Theological Term of the Week

idolatry
The worship of false gods; the worship of the one true God by images; the worship of the one true God conceived as less than He is; the giving of honor due to the one true God “to some of His creatures or to some invention of His creatures”1; the valuing of anything or anyone more than the one true God.

  • From scripture:

    “You shall have no other gods before me.

     “You shall not make for yourself a carved image, or any likeness of anything that is in heaven above, or that is in the earth beneath, or that is in the water under the earth. You shall not bow down to them or serve them, for I the Lord your God am a jealous God, visiting the iniquity of the fathers on the children to the third and the fourth generation of those who hate me, but showing steadfast love to thousands  of those who love me and keep my commandments. (Exodus 20:3-6 ESV)
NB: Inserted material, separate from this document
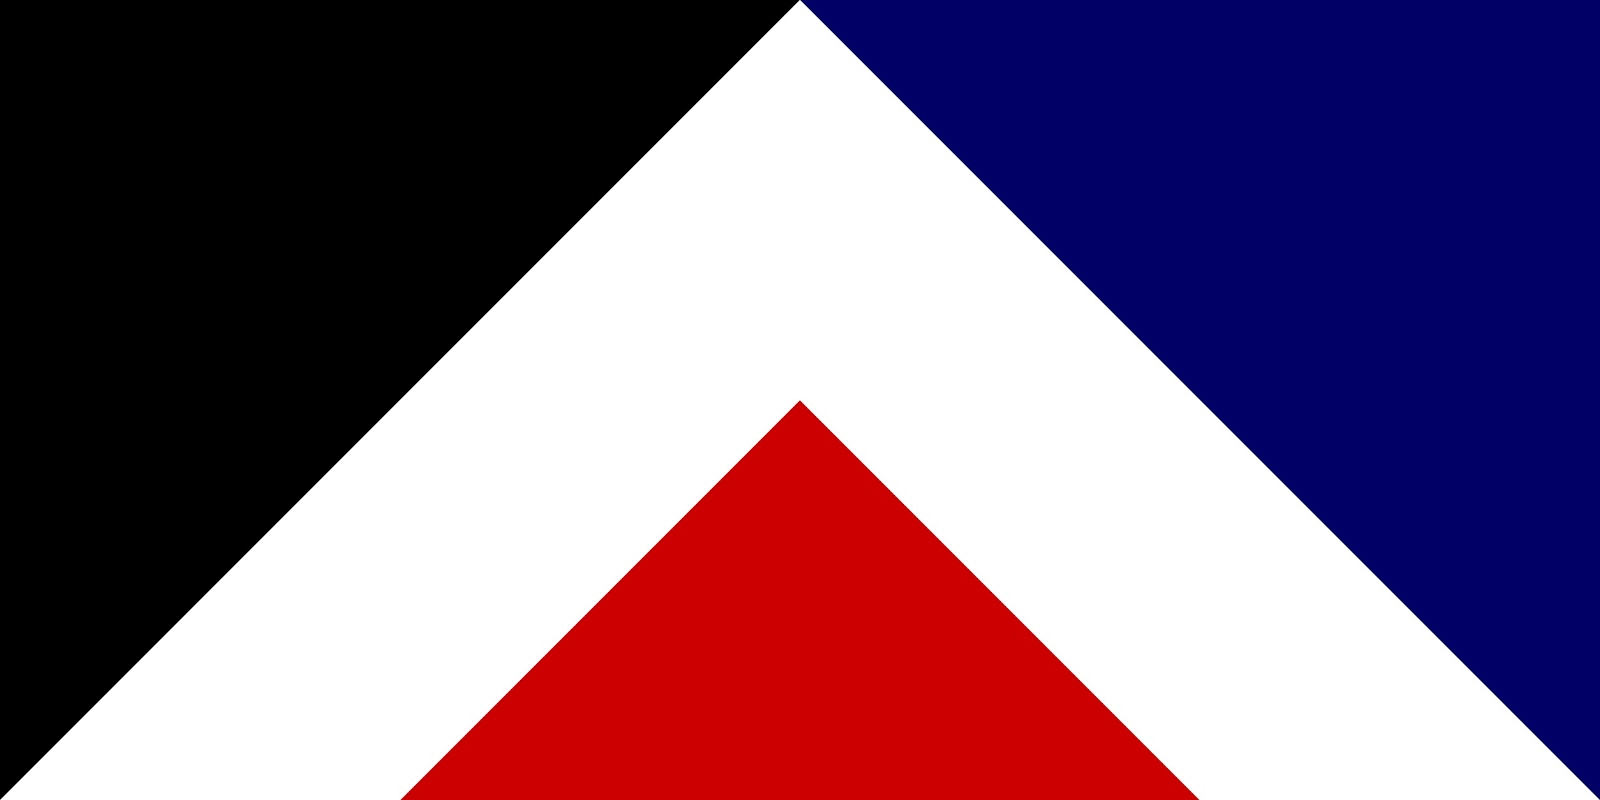 AmeriNZ Blog: \'Red Peak\' raises a red flag

    For although they knew God, they did not honor him as God or give thanks to him, but they became futile in their thinking, and their foolish hearts were darkened. Claiming to be wise, they became fools, and exchanged the glory of the immortal God for images resembling mortal man and birds and animals and creeping things.

    Therefore God gave them up in the lusts of their hearts to impurity, to the dishonoring of their bodies among themselves, because they exchanged the truth about God for a lie and worshiped and served the creature rather than the Creator, who is blessed forever! Amen. (Romans 1:21-24 ESV)

  • From The Heidelberg Catechism, 1563:

    Question 95. What is idolatry?

    Answer: Idolatry is, instead of, or besides that one true God, who has manifested himself in his word, to contrive, or have any other object, in which men place their trust.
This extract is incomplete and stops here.